### [What you need to do]
What is needed is a word-for-word copy of the lines below from the one with "A brown gift" through the one with "Robert F. Kennedy", both included, with every picture left out.

### [Records shown]
== Segment start ==
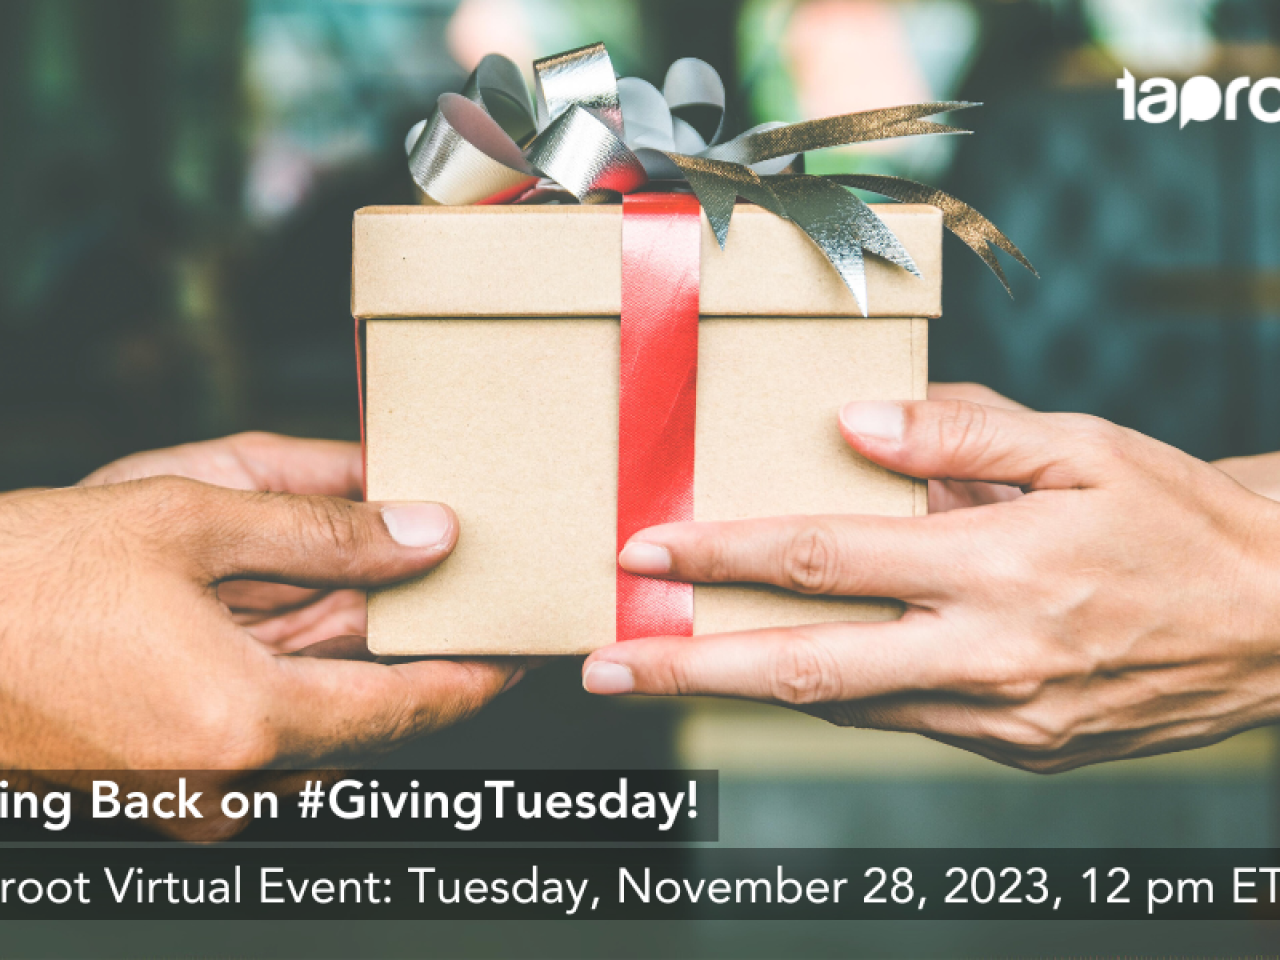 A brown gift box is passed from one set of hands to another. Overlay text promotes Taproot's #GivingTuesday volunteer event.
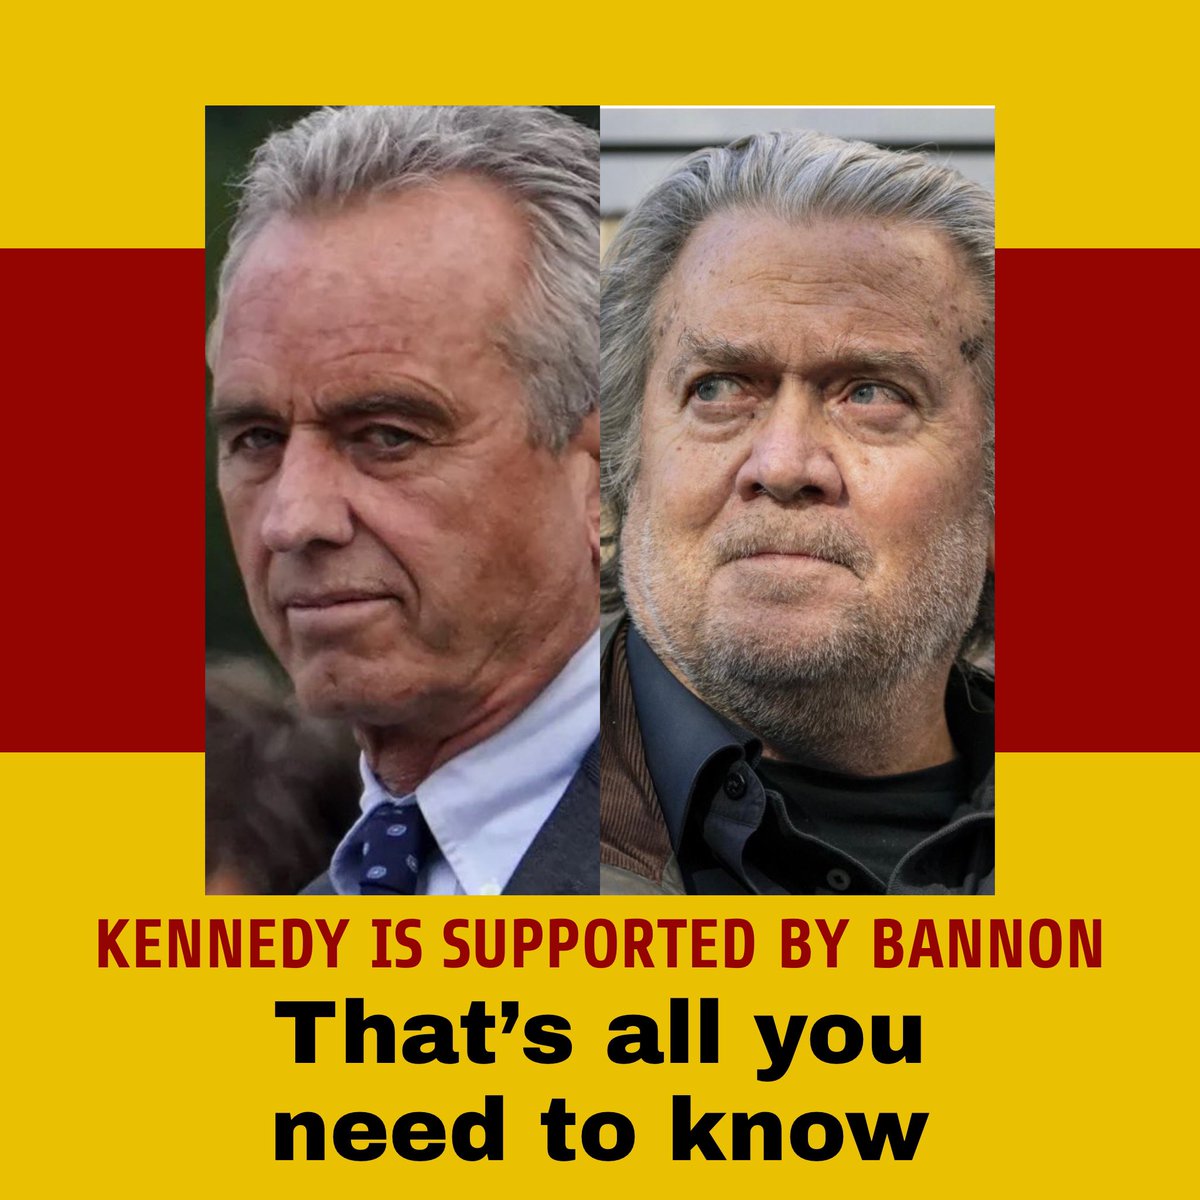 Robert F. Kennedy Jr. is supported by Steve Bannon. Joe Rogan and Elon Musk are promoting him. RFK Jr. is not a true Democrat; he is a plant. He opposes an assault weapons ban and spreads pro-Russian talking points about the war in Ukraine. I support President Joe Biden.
== Segment end ==
== Segment start ==
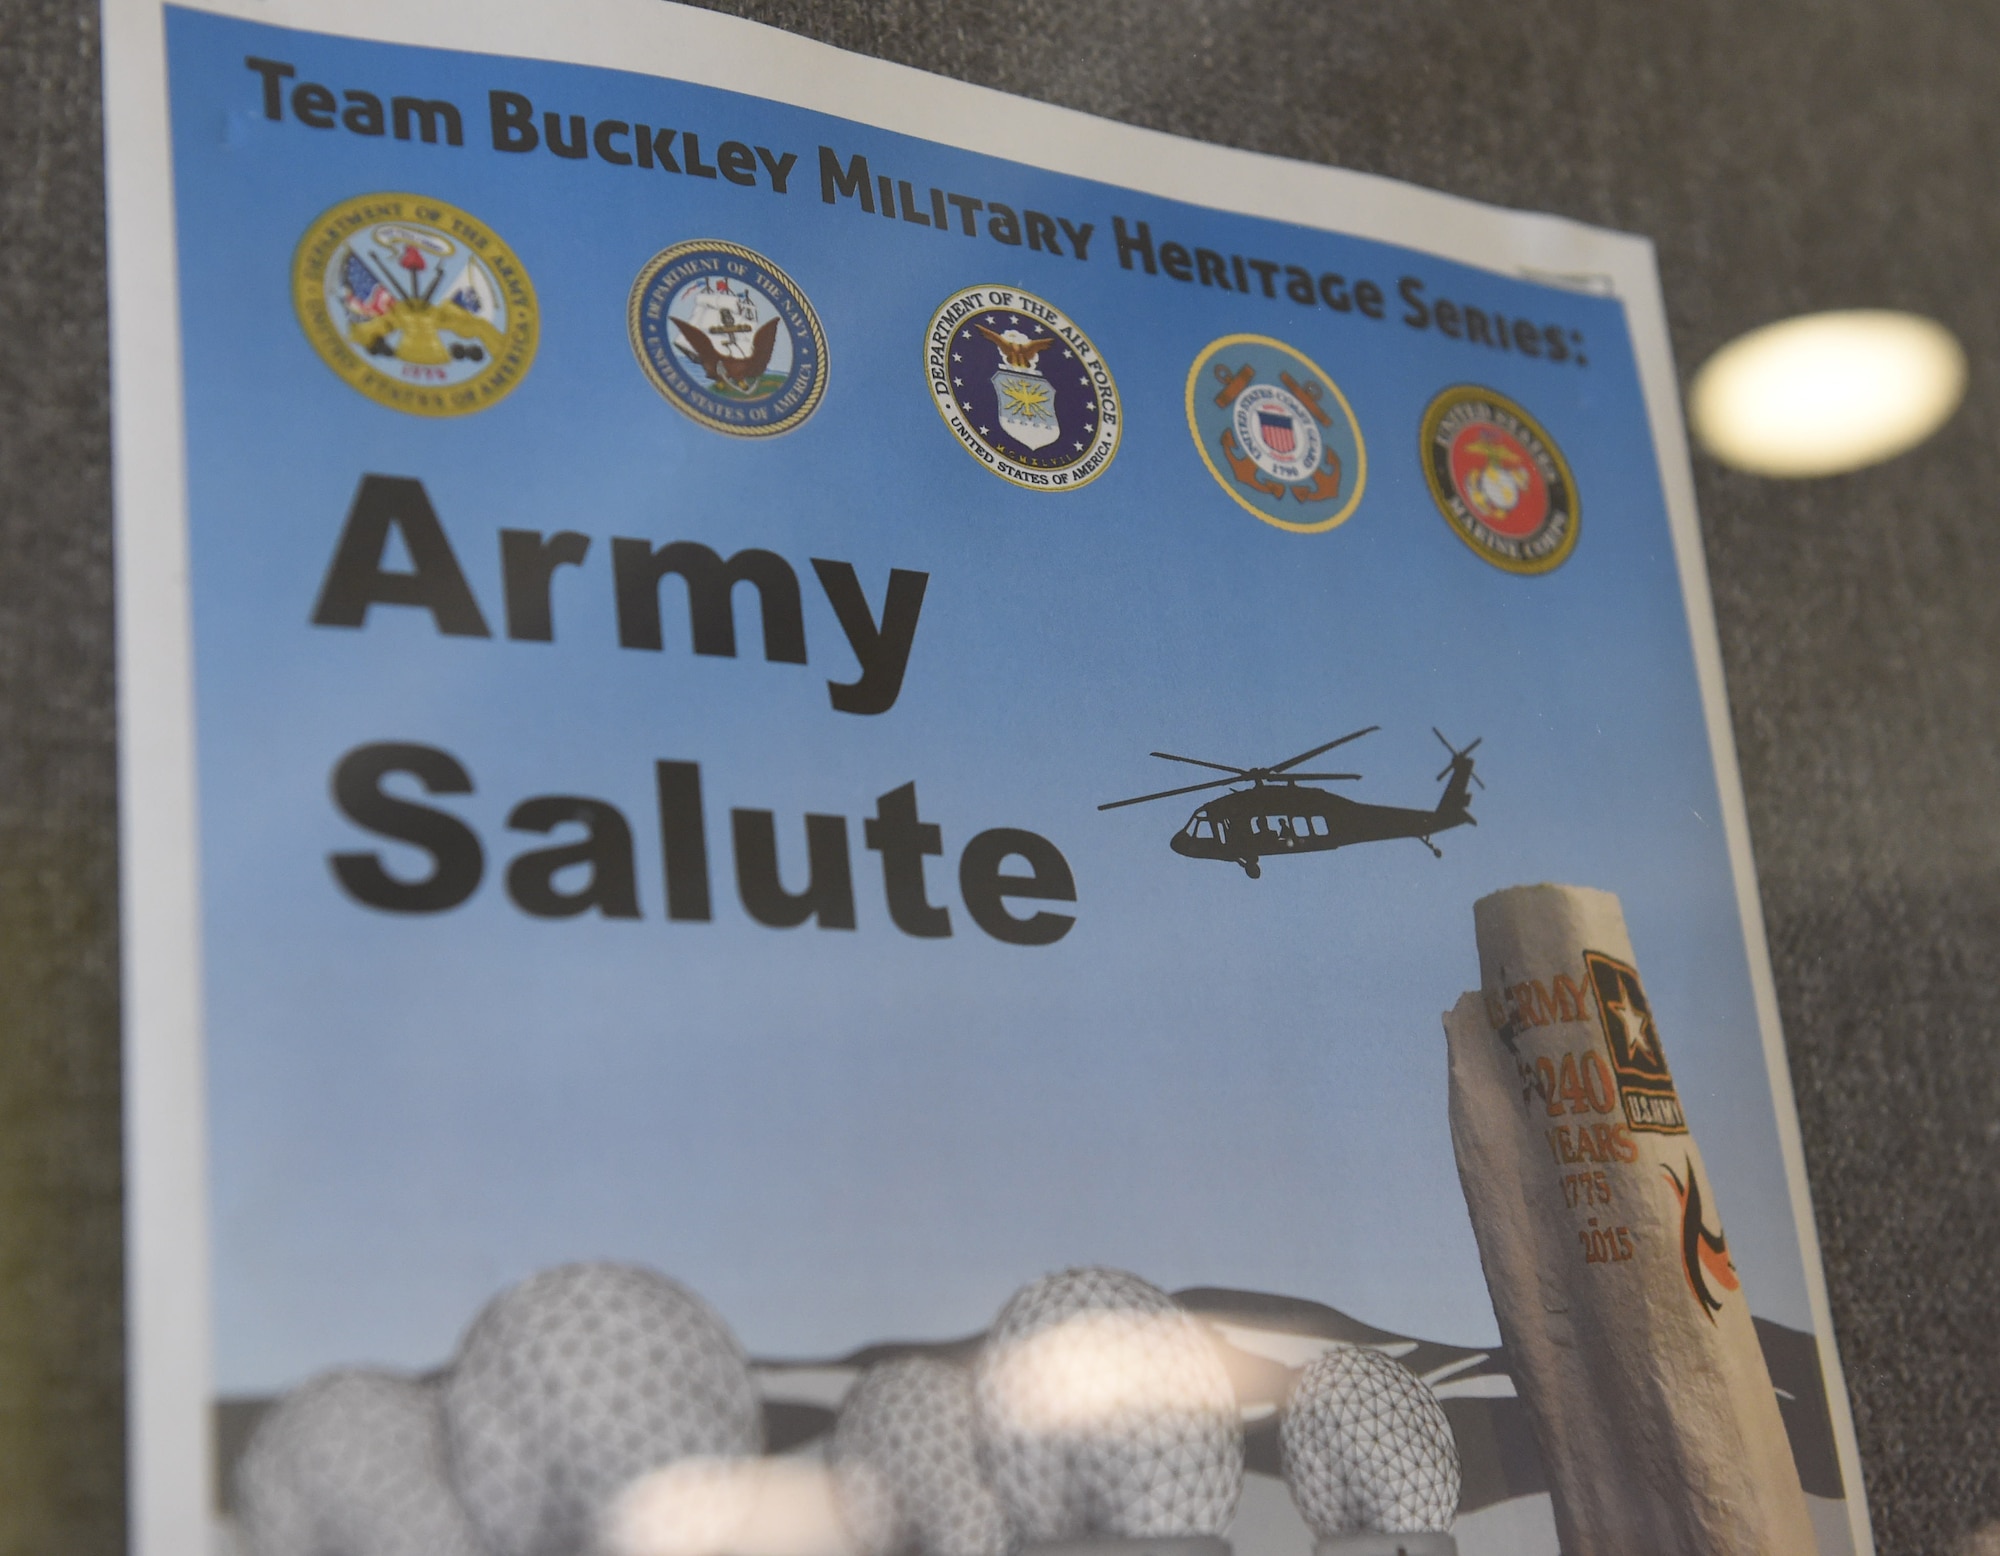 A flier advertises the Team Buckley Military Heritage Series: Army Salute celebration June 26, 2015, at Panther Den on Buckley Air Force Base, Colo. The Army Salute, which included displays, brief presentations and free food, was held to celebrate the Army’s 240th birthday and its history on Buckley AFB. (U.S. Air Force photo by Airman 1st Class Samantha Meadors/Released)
== Segment end ==
== Segment start ==
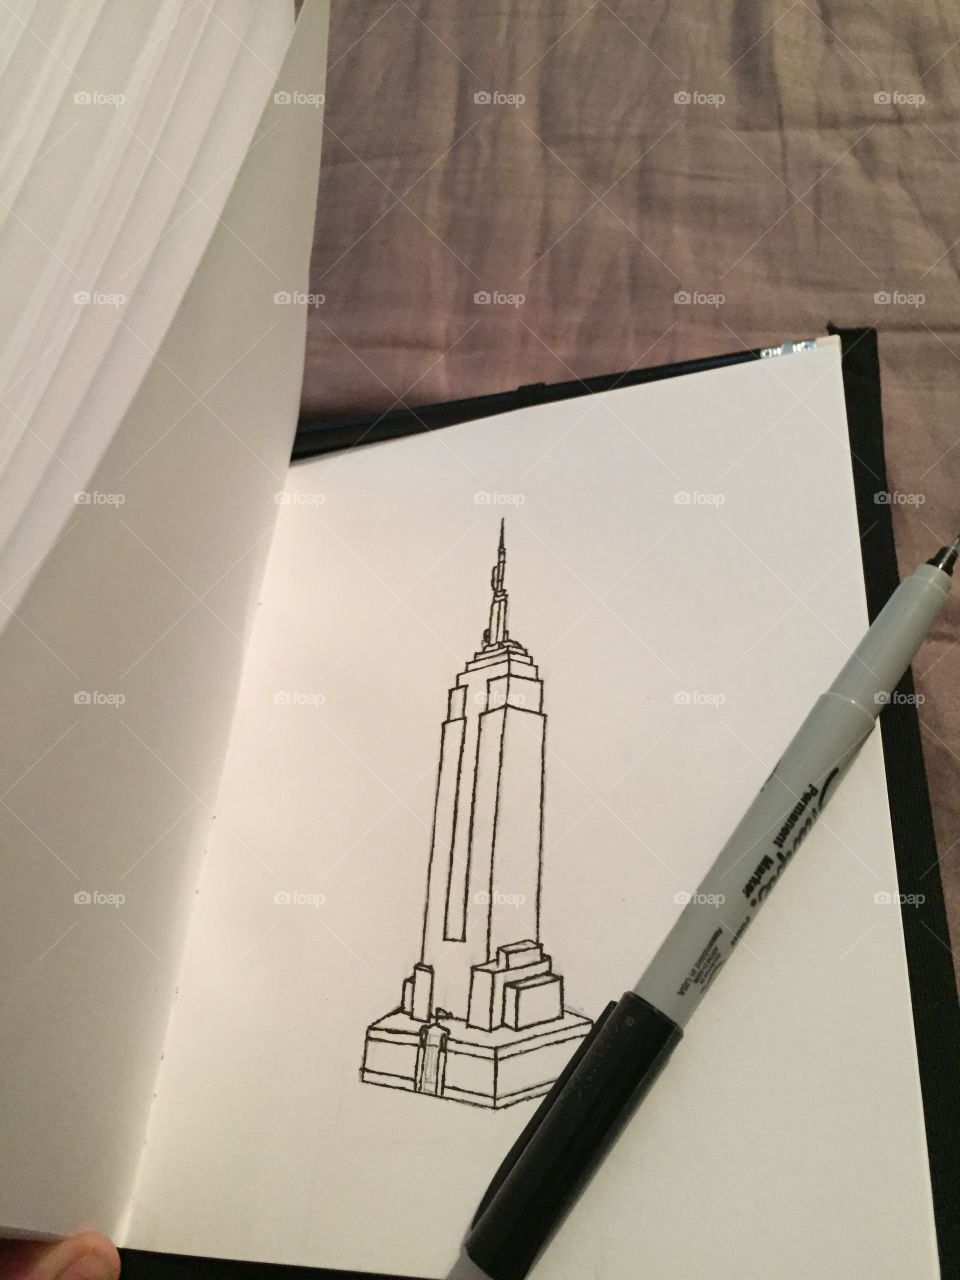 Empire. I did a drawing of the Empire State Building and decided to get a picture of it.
== Segment end ==
### [Solution to this exercise]
 A brown gift box is passed from one set of hands to another. Overlay text promotes Taproot's #GivingTuesday volunteer event.
 Robert F. Kennedy Jr. is supported by Steve Bannon. Joe Rogan and Elon Musk are promoting him. RFK Jr. is not a true Democrat; he is a plant. He opposes an assault weapons ban and spreads pro-Russian talking points about the war in Ukraine. I support President Joe Biden.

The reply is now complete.